Gamergaters were amazed and grateful for my defense of their hobby. I was deluged with affectionate messages, declarations of support, and was even given a nickname—based Mom (based means cool). But game industry journalists were not happy with my video. Writers at popular game websites like Kotaku and Polygon once valiantly defended games from the erroneous charge that they lead to violence. But now, they eagerly joined gender activists who claimed that games engender misogyny. Colin Campbell, senior reporter at Polygon called me a “reactionary” and said that my apparent indifference to sexism in videos is an “irresponsible abrogation of our shared humanity.”
I don’t doubt Campbell’s sincerity. Many games do depict horrific violence and the mistreatment of women. There are scenes in Grand Theft Auto that horrify me, and I’d rather play a game based on the theme and characters of Downtown Abbey. But my game preferences cannot be generalized are certainly no basis for condemning others. Here’s where critics like Colin Campbell go wrong: they fail to connect games or things that occur in someone’s imagination to real life consequences. They need to show, not dogmatically assume, that video games make people sexist. The burden of proof rests with them. And intuitions that games, books, films, comic books, or songs are psychologically demanding and socially corrosive are rarely borne out in reality.

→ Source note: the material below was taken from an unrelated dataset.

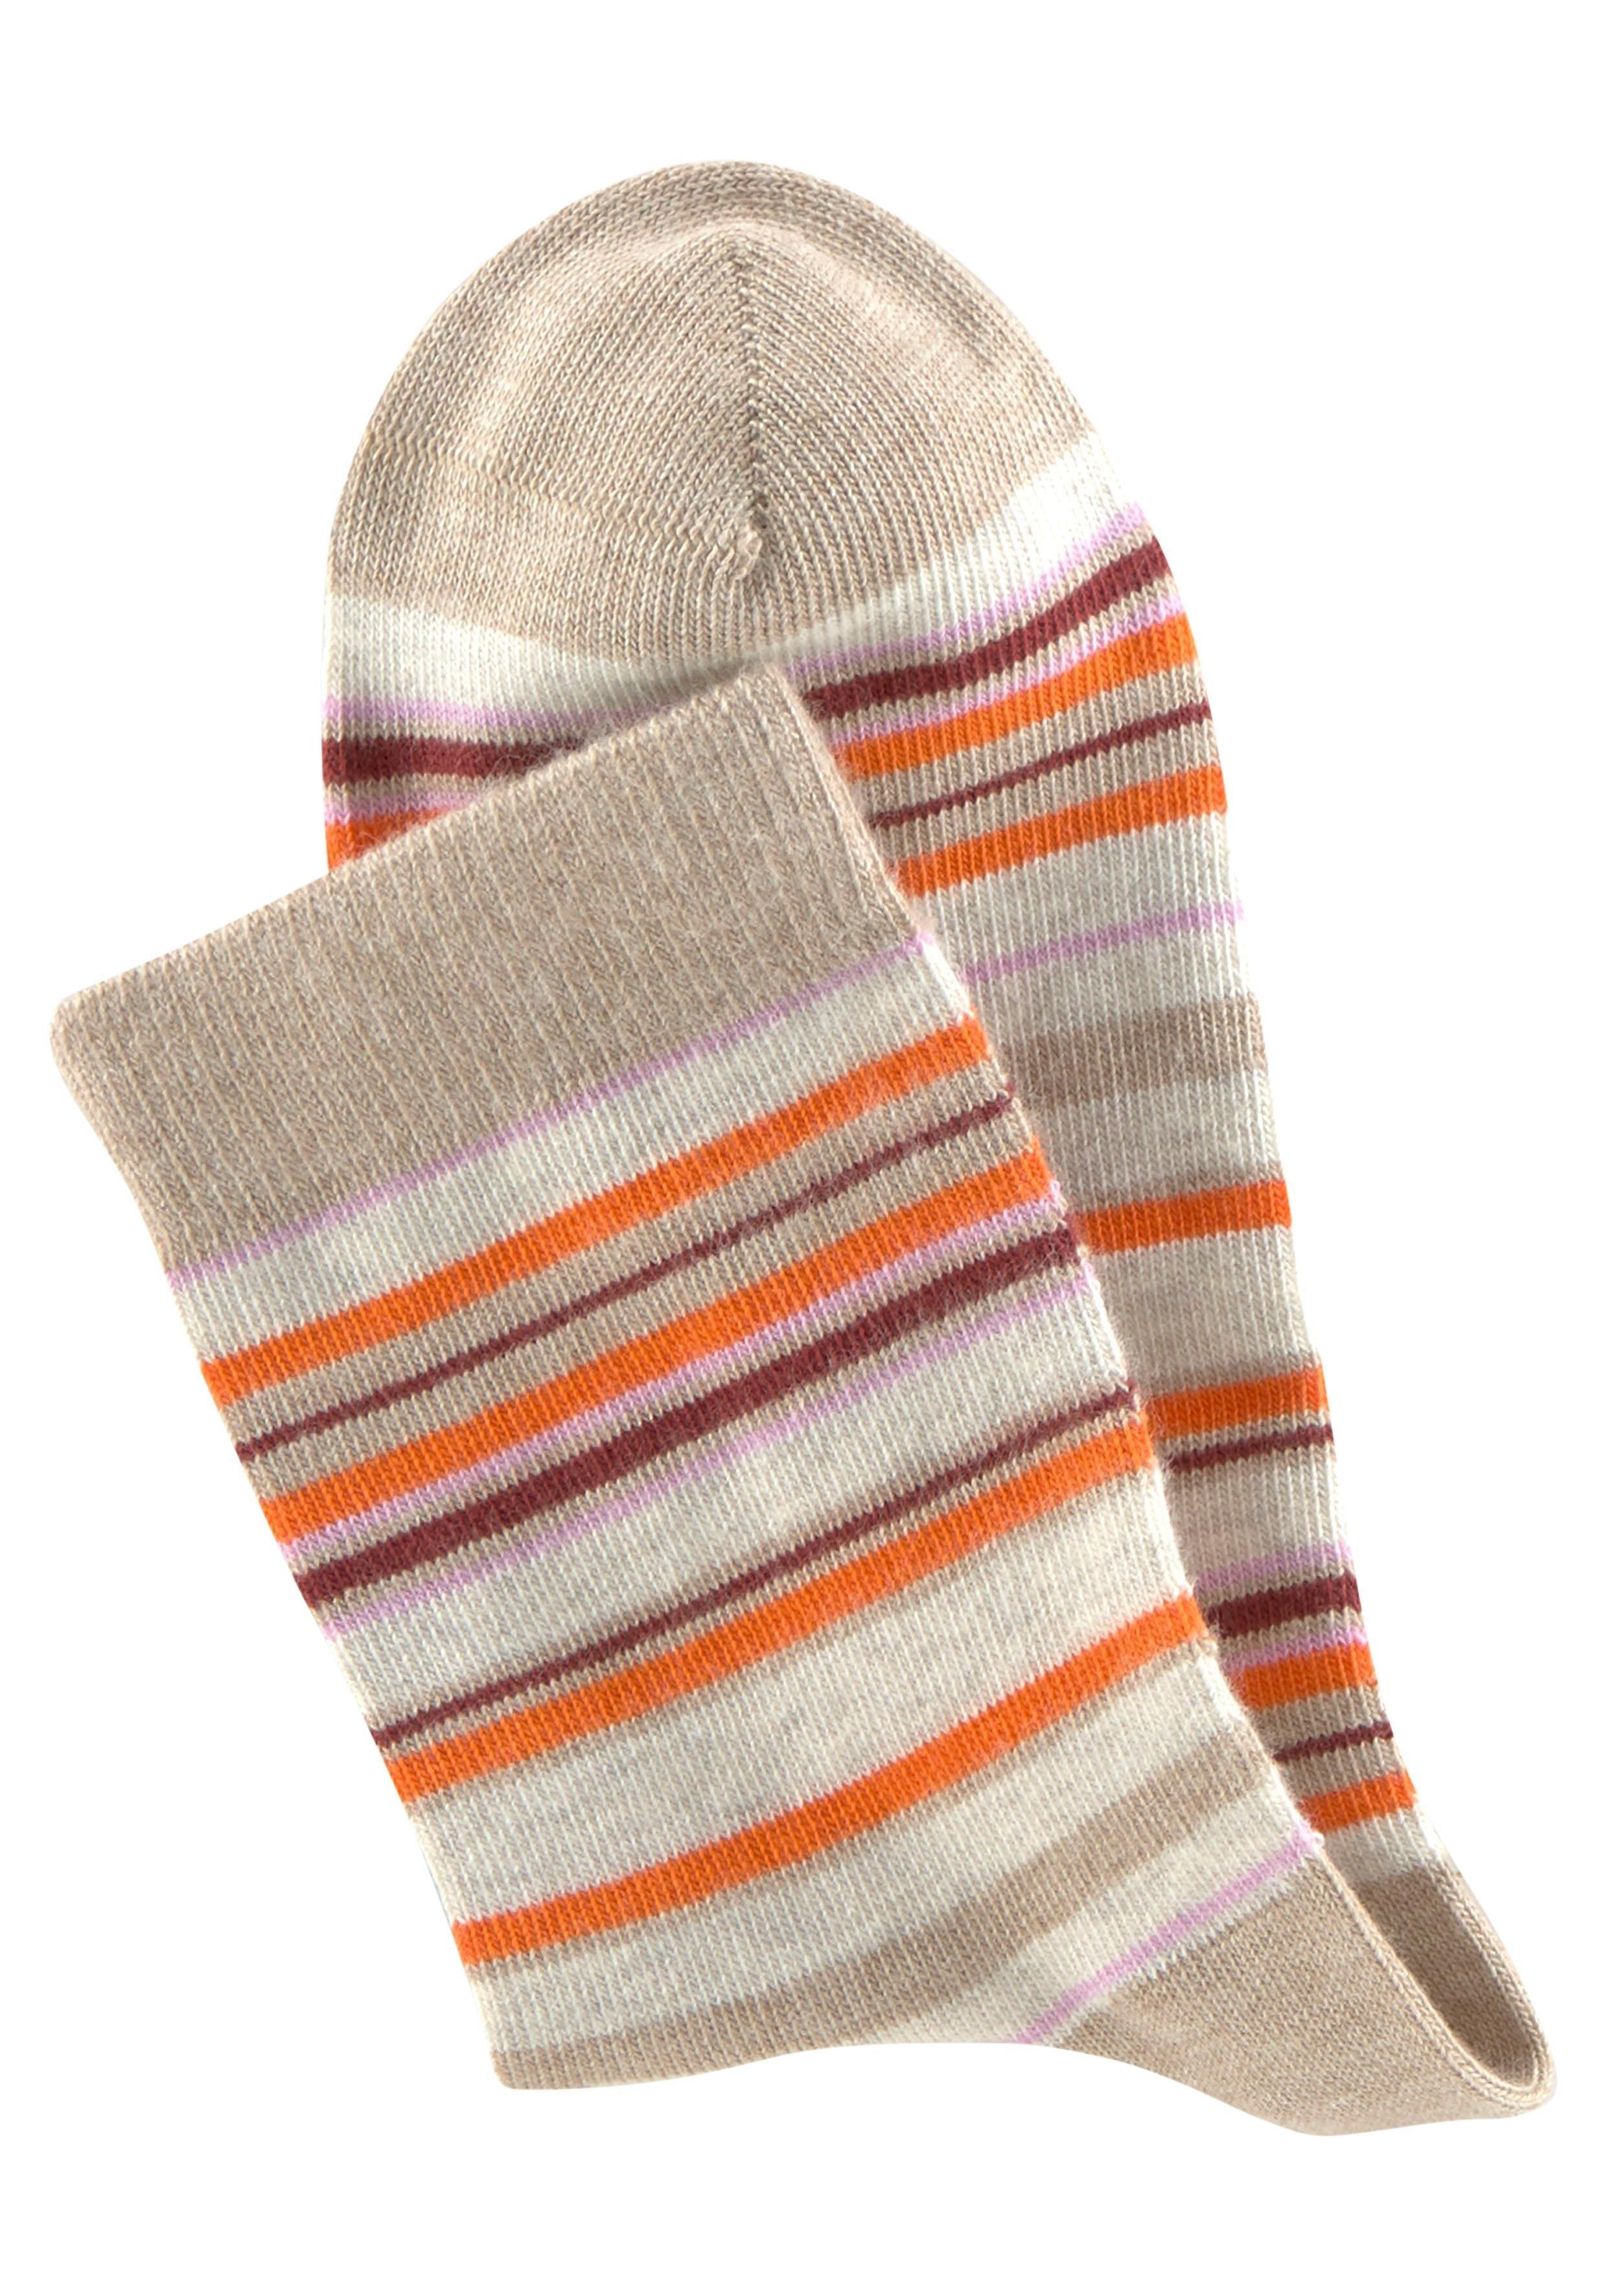 H.I.S sokken - gratis ruilen op lascana.nl

Critics might respond that we should be unforgiving of sexist tropes even if video games can’t be proven to cause misogyny. But what counts as sexism is unsettled—even among feminists.

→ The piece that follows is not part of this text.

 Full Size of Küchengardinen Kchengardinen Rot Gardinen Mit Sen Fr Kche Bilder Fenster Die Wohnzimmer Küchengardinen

Consider Bayonetta. Bayonetta is a powerful, charismatic lead female character created by a Japanese female game developer. She is a wildly popular video heroine, and one feminist critic even wrote that she “exudes feminism.” But leading pop critic Anita Sarkeesian disagrees. She says that “Everything about Bayonetta’s design is created specifically for the sexual pleasure of straight male gamers.” She cites a decades old feminist theory about the “male gaze” and how it objectifies and demeans women. But “gaze theory” has evolved since 1975. It turns out that spectators might be able to gaze at a woman’s beauty and also identify with her on a human level.